Little by little, however, and long before the day dawned, the dominating influence asserted itself above the secondary one and he was thinking only of Maria Consuelo. Throughout all that night she was travelling, as she would perhaps travel throughout all the next day and the second night succeeding that. For she was strong and having once determined upon the journey would very probably go to the end of it without stopping to rest. He wondered whether she too were waking through all those long hours, thinking of what she had left behind, or whether she had closed her eyes and found the peace of sleep for which he longed in vain. He thought of her face, softly lighted by the dim lamp of the railway carriage, and fancied he could actually see it with the delicate shadows, the subdued richness of colour, the settled look of sadness. When the picture grew dim, he recalled it by a strong effort, though he knew that each time it rose before his eyes he must feel the same sharp thrust of pain, followed by the same dull wave of hopeless misery which had ebbed and flowed again so many times since he had parted from her.

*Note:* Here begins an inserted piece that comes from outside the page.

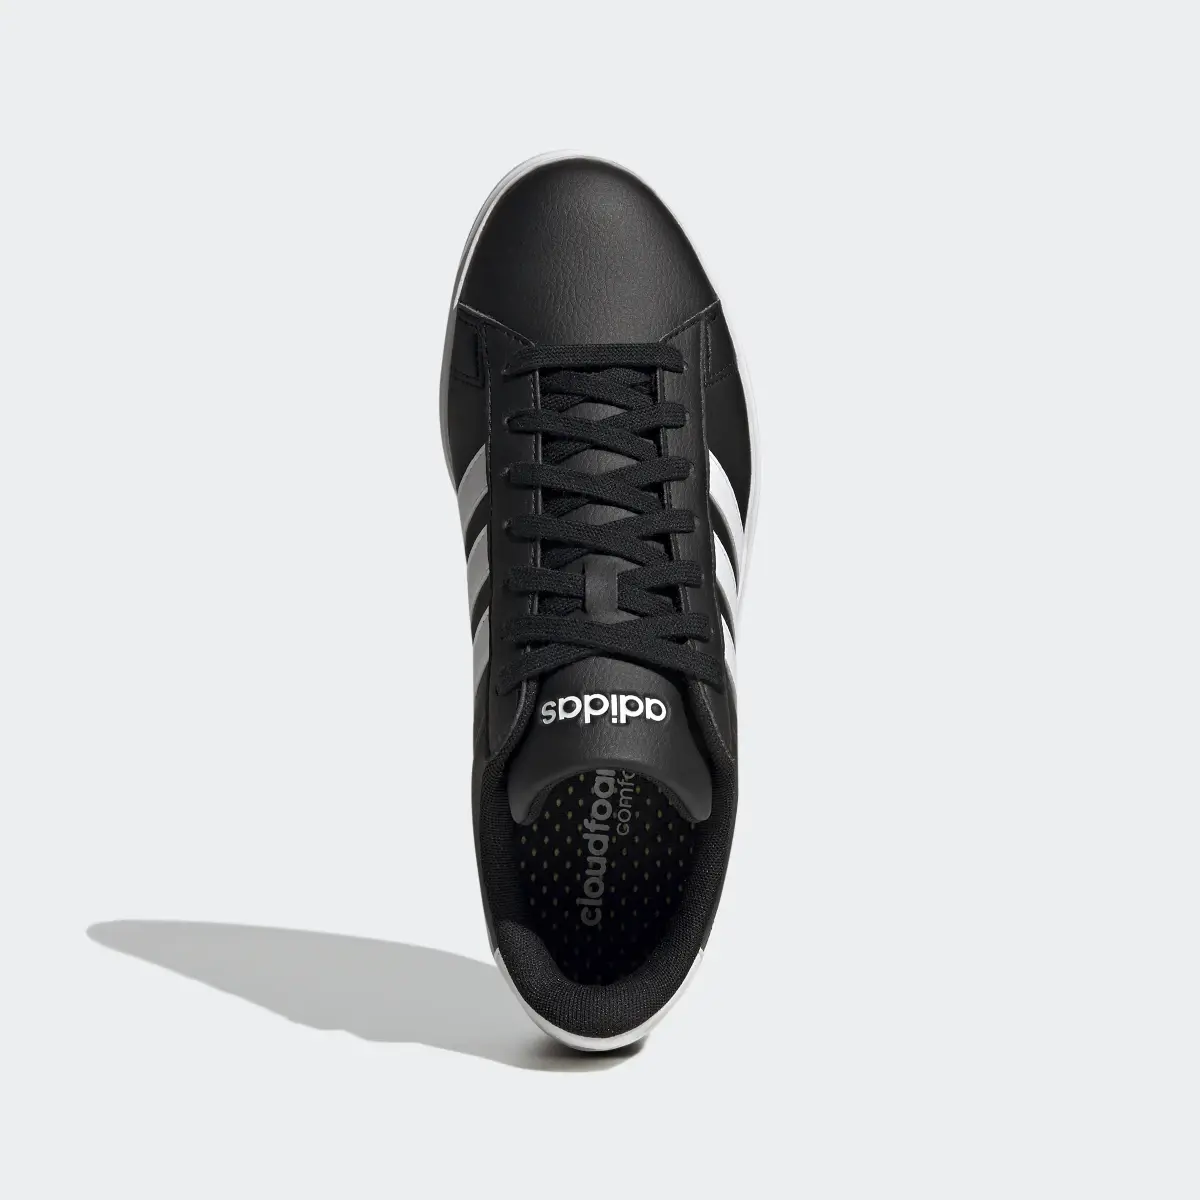 Adidas Grand Court Cloudfoam Comfort Shoes. 3

At last he roused himself, looked about him as though he were in a strange place, lighted a candle and betook himself to his own quarters. It was very late, and he was more tired than he knew, for in spite of all his troubles he fell asleep and did not awake till the sun was streaming into the room.

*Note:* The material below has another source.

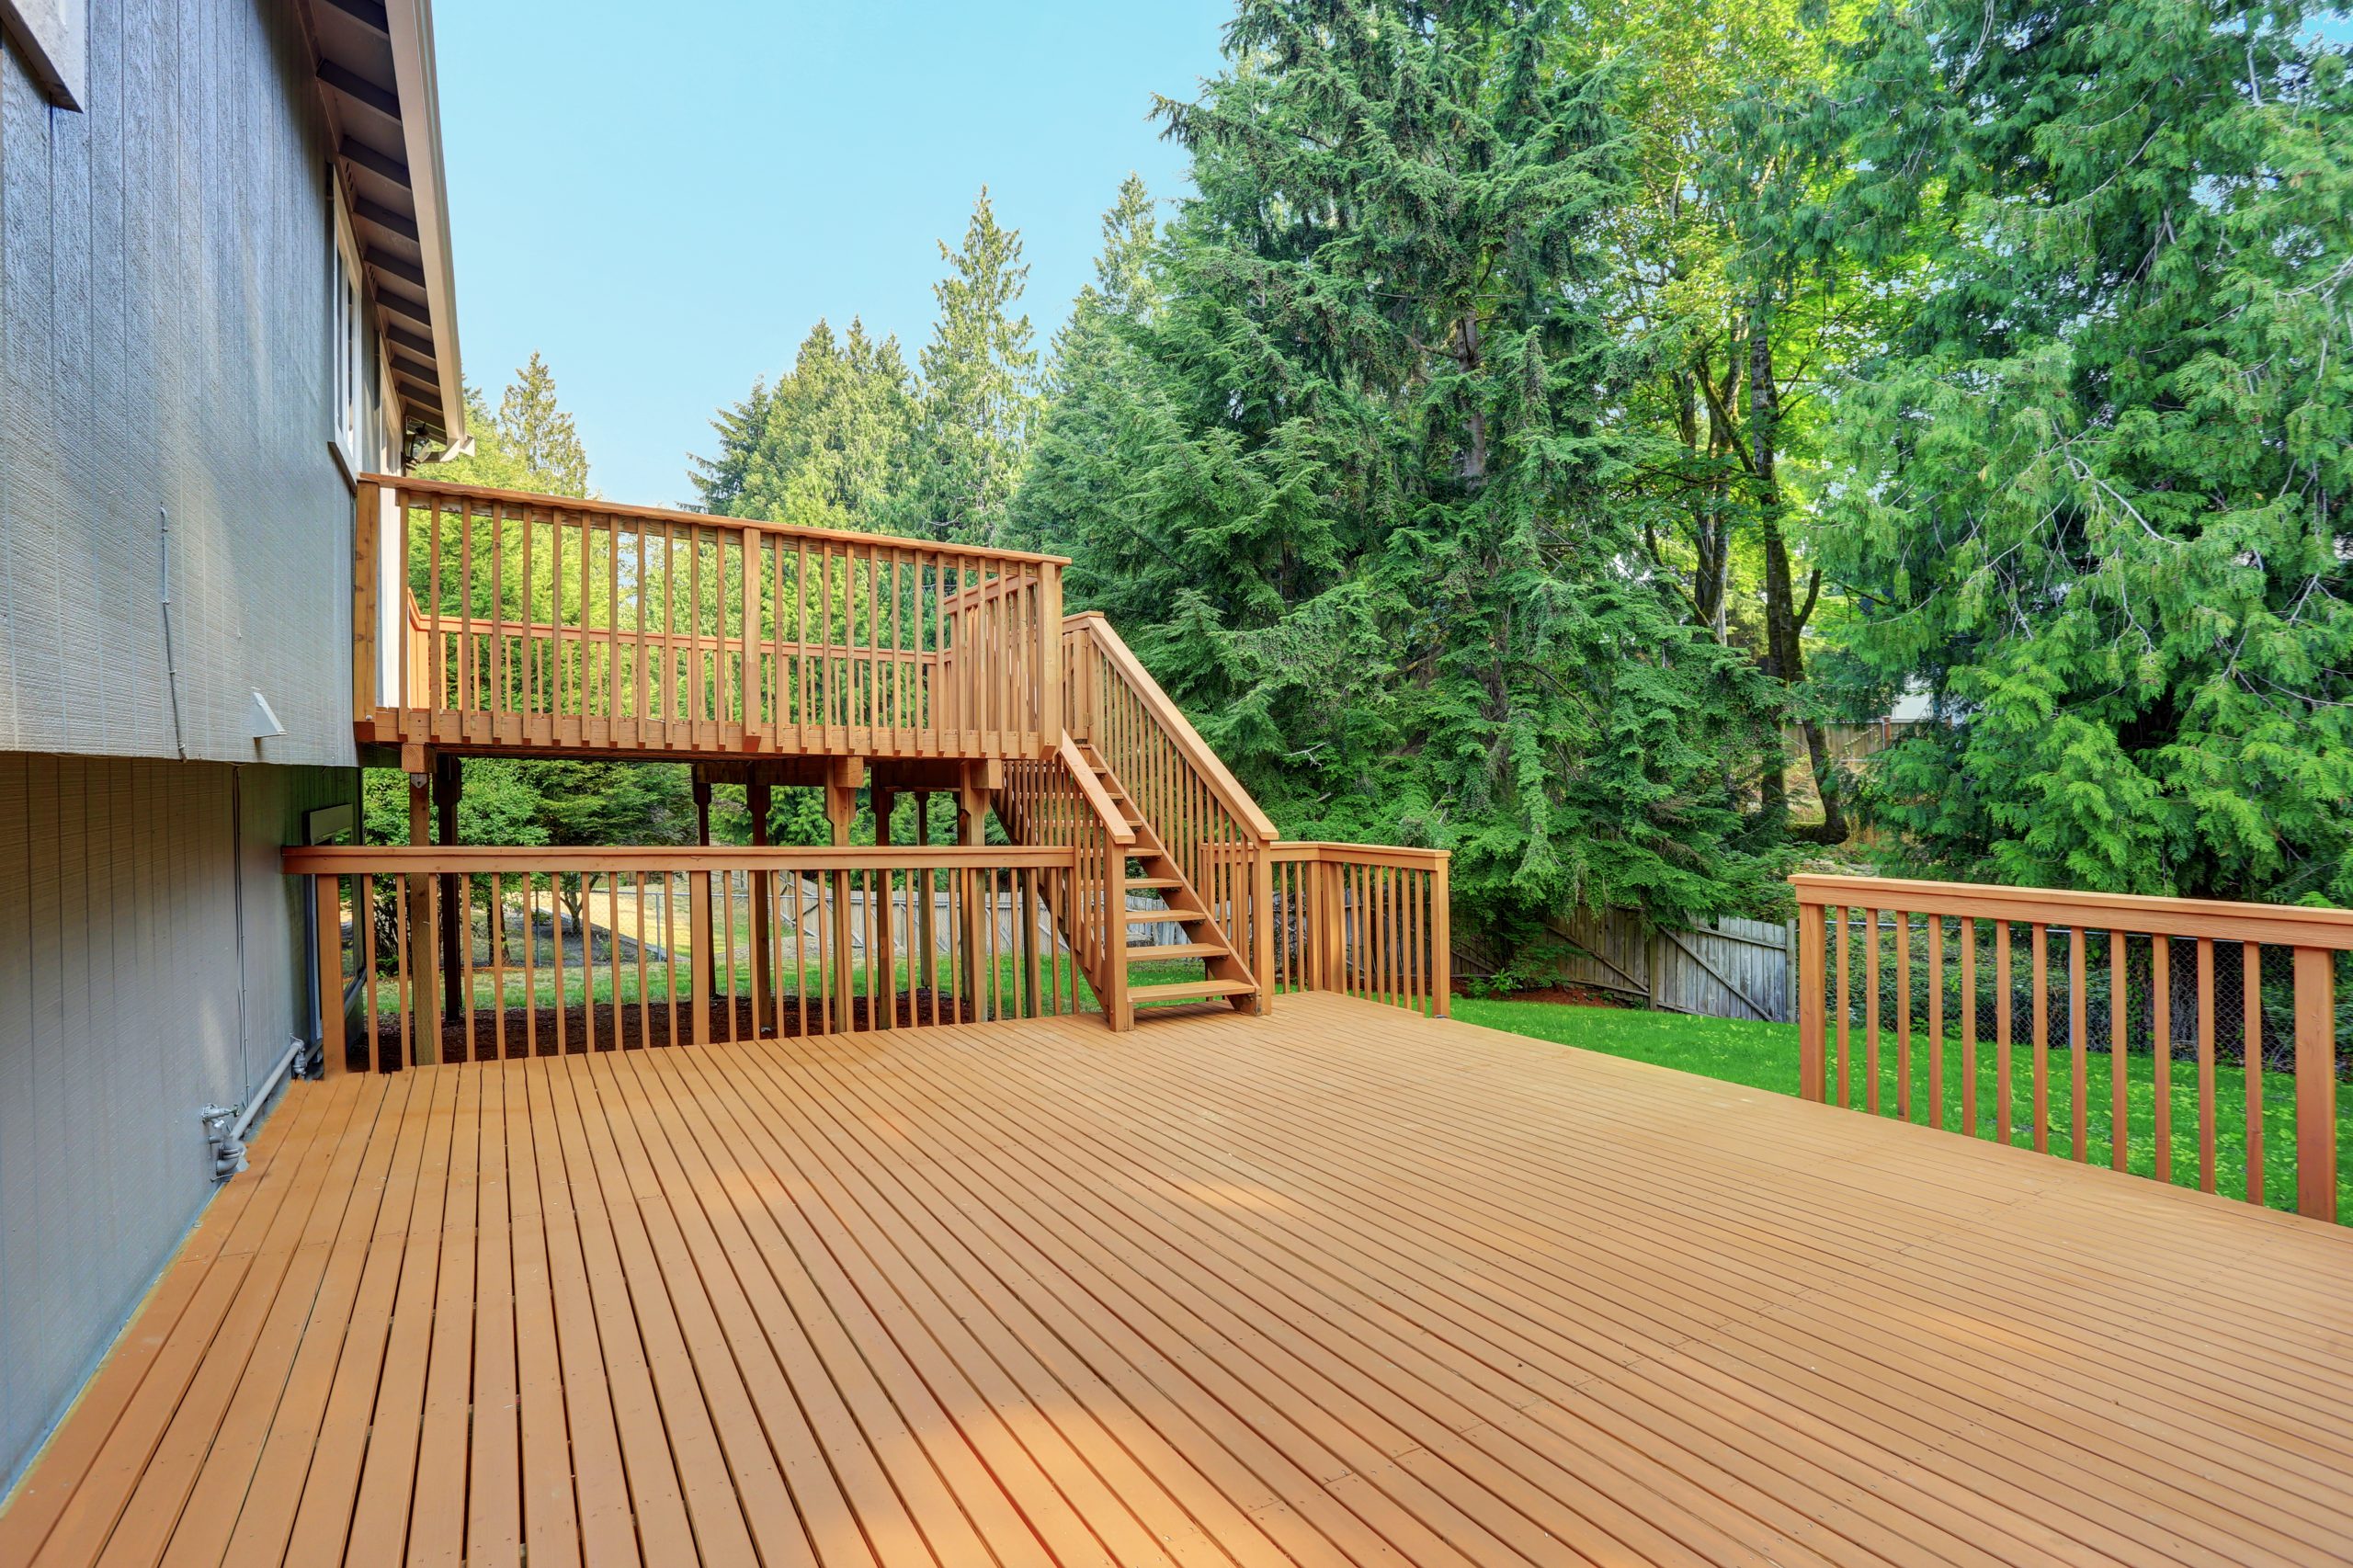 cedar decking deck builder lexington kentucky wood decks contractor contractors professional top quality #1

Some one knocked at the door, and a servant announced that Signor Contini was waiting to see Don Orsino. The man's face expressed a sort of servile surprise when he saw that Orsino had not undressed for the night and had been sleeping on the divan. He began to busy himself with the toilet things as though expecting Orsino to take some thought for his appearance. But the latter was anxious to see Contini at once, and sent for him.

The architect was evidently very much disturbed. He was as pale as though he had just recovered from a long illness and he seemed to have grown suddenly emaciated during the night. He spoke in a low, excited tone.

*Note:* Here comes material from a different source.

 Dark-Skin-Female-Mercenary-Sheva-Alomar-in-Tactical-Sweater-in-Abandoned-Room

In substance he told Orsino what San Giacinto had said on the previous evening. Things looked very black indeed, and Del Ferice's bank had refused to discount any more of Prince Montevarchi's paper.

"And we must have money to-day," Contini concluded.

When he had finished speaking his excitement disappeared and he relapsed into the utmost dejection. Orsino remained silent for some time and then lit a cigarette.

"You need not be so down-hearted, Contini," he said at last. "I shall not have any difficulty in getting money--you know that. What I feel most is the moral failure."

"What is the moral failure to me?" asked Contini gloomily. "It is all very well to talk of getting money. The bank will shut its tills like a steel trap and to-day is Saturday, and there are the workmen and others to be paid, and several bills due into the bargain. Of course your family can give you millions--in time. But we need cash to-day. That is the trouble."

"I suppose the state telegraph is not destroyed because Prince Montevarchi cannot meet his acceptances," observed Orsino. "And I imagine that our steward here in the house has enough cash for our needs, and will not hesitate to hand it to me if he receives a telegram from my father ordering him to do so. Whether he has enough to take up the bills or not, I do not know; but as to-day is Saturday we have all day to-morrow to make arrangements. I could even go out to Saracinesca and be back on Monday morning when the bank opens."

"You seem to take a hopeful view."

"I have not the least hope of saving the business. But the question of ready money does not of itself disturb me."

This was undoubtedly true, but it was also undeniable that Orsino now looked upon the prospect of failure with more equanimity than on the previous evening. On the other hand he felt even more keenly than before all the pain of his sudden separation from Maria Consuelo. When a man is assailed, by several misfortunes at once, twenty-four hours are generally enough to sift the small from the great and to show him plainly which is the greatest of all.

"What shall we do this morning?" inquired Contini.

"You ask the question as though you were going to propose a picnic," answered Orsino. "I do not see why this morning need be so different from other mornings."

"We must stop the works instantly--"

"Why? At all events we will change nothing until we find out the real state of business. The first thing to be done is to go to the bank as usual on Saturdays. We shall then know exactly what to do."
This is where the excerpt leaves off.